How fast will these perform?
Case 1: all variations run at 2350 elements/sec Case 2: all variations run at 850 elements/sec

It is significant!
I once had a framedrop of 50% in my (then geometry-transform bottlenecked) game after I changed something trivial that seemed to have nothing to do with it. So it’s not so much about feeding the JIT realworld examples, it’s trial and error, then feed what the JIT likes best… and then you only know how to threat that very JIT.

To get the best performance with any JIT, you might launch a few sub-processes, see which version the JIT likes, then use that as a warmup for the JIT you’re dealing with in your main-process. This quickly spirals out of control, when you’re dealing with more than 3 performance-critical sections in an application.

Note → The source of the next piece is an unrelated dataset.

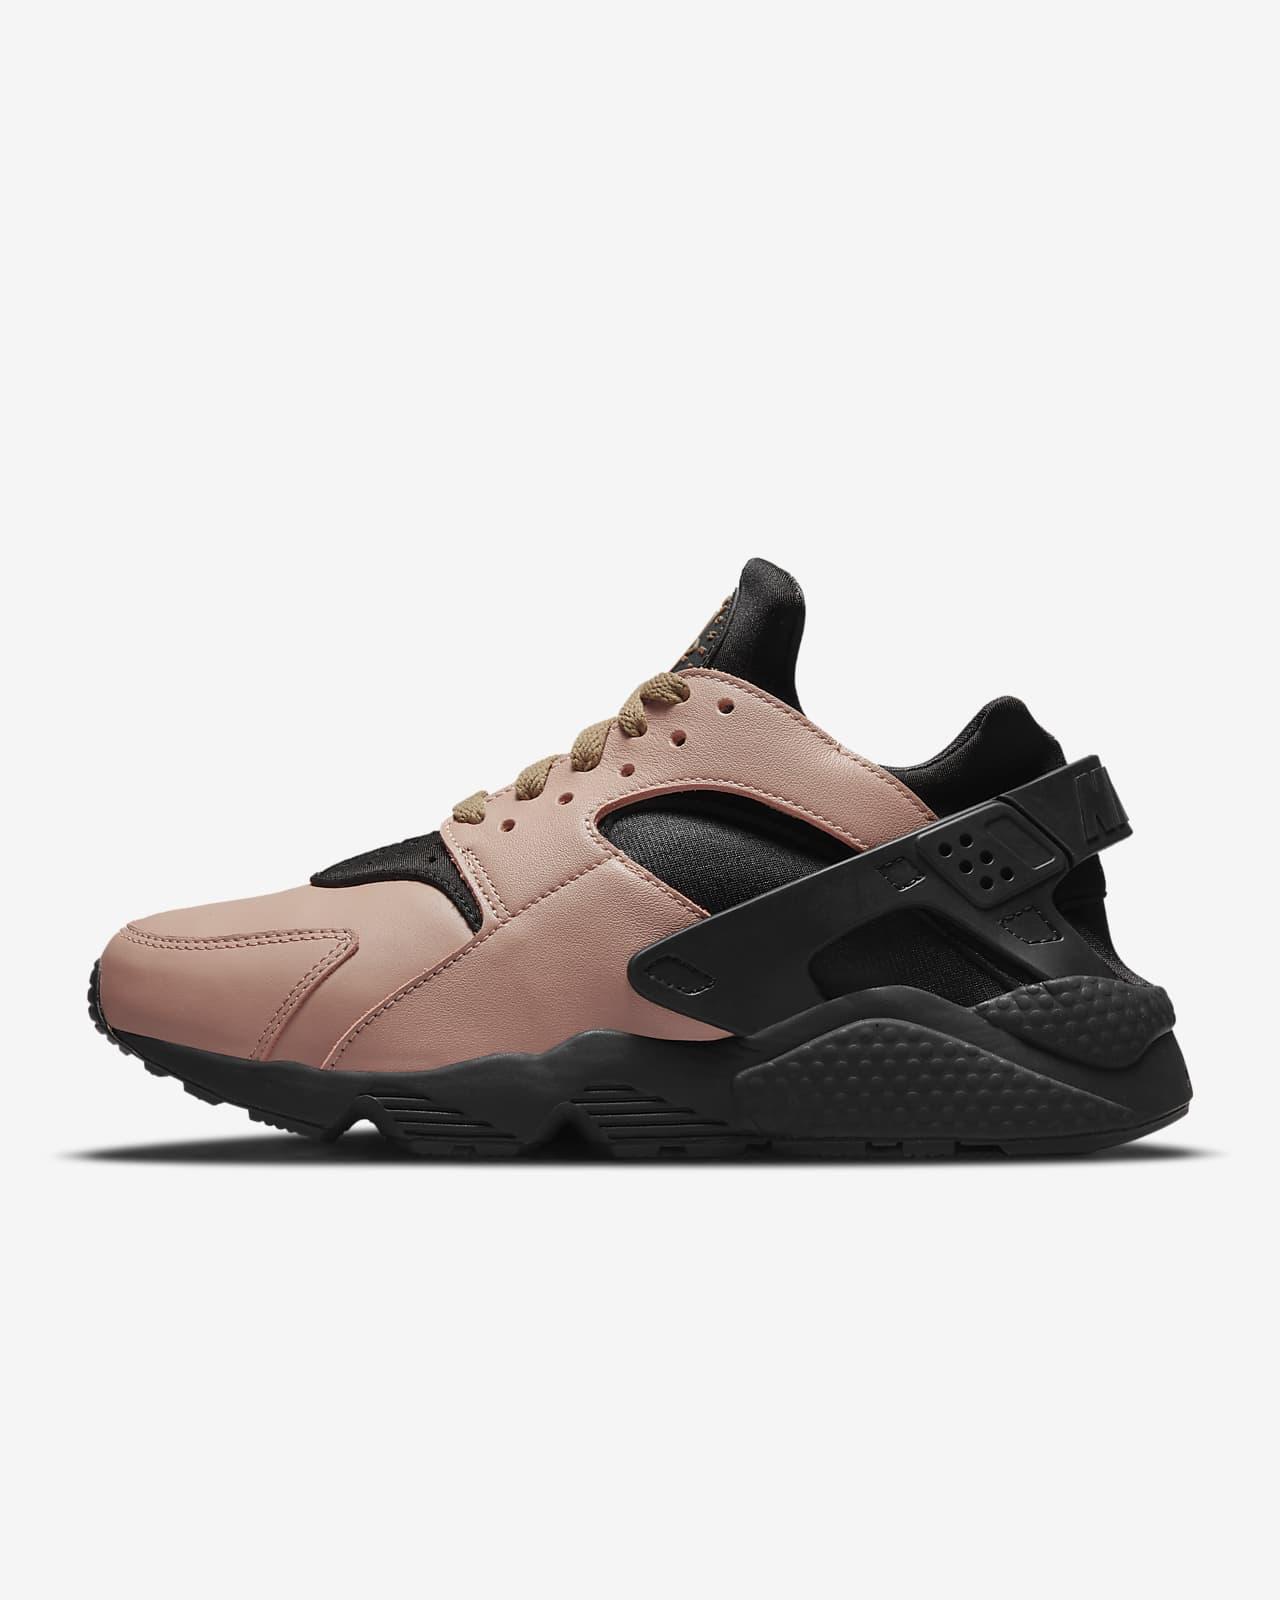 Nike Air Huarache LE Men's Shoes

Or get rid of this JIT magic and go native, as that always performs best!

swpalmer · January 9, 2007, 2:19am

I hate to nit-pick but the above is of course not true as it ignores the advantage of a JIT compiler’s ability to adapt to the current runtime conditions.

Anyway, I’m curious about your experiment. Can you provide more info on the “process” method? I wonder for example if the adaptive nature of the JIT backfired by compiling the code in a manner that was more appropriate for smaller data sets before it got to the larger ones.

I really want to get a copy of a JVM that supports a fancy flag that spits out the machine code it generates.

Riven · January 9, 2007, 2:24am

True, but C/C++ always does vector code (pointers + SIMD) roughly factor 2.4 faster (on my machine)

The JIT didn’t backfire, if the first pass(es) are small arrays, it kept performing better on larger and larger arrays/buffers.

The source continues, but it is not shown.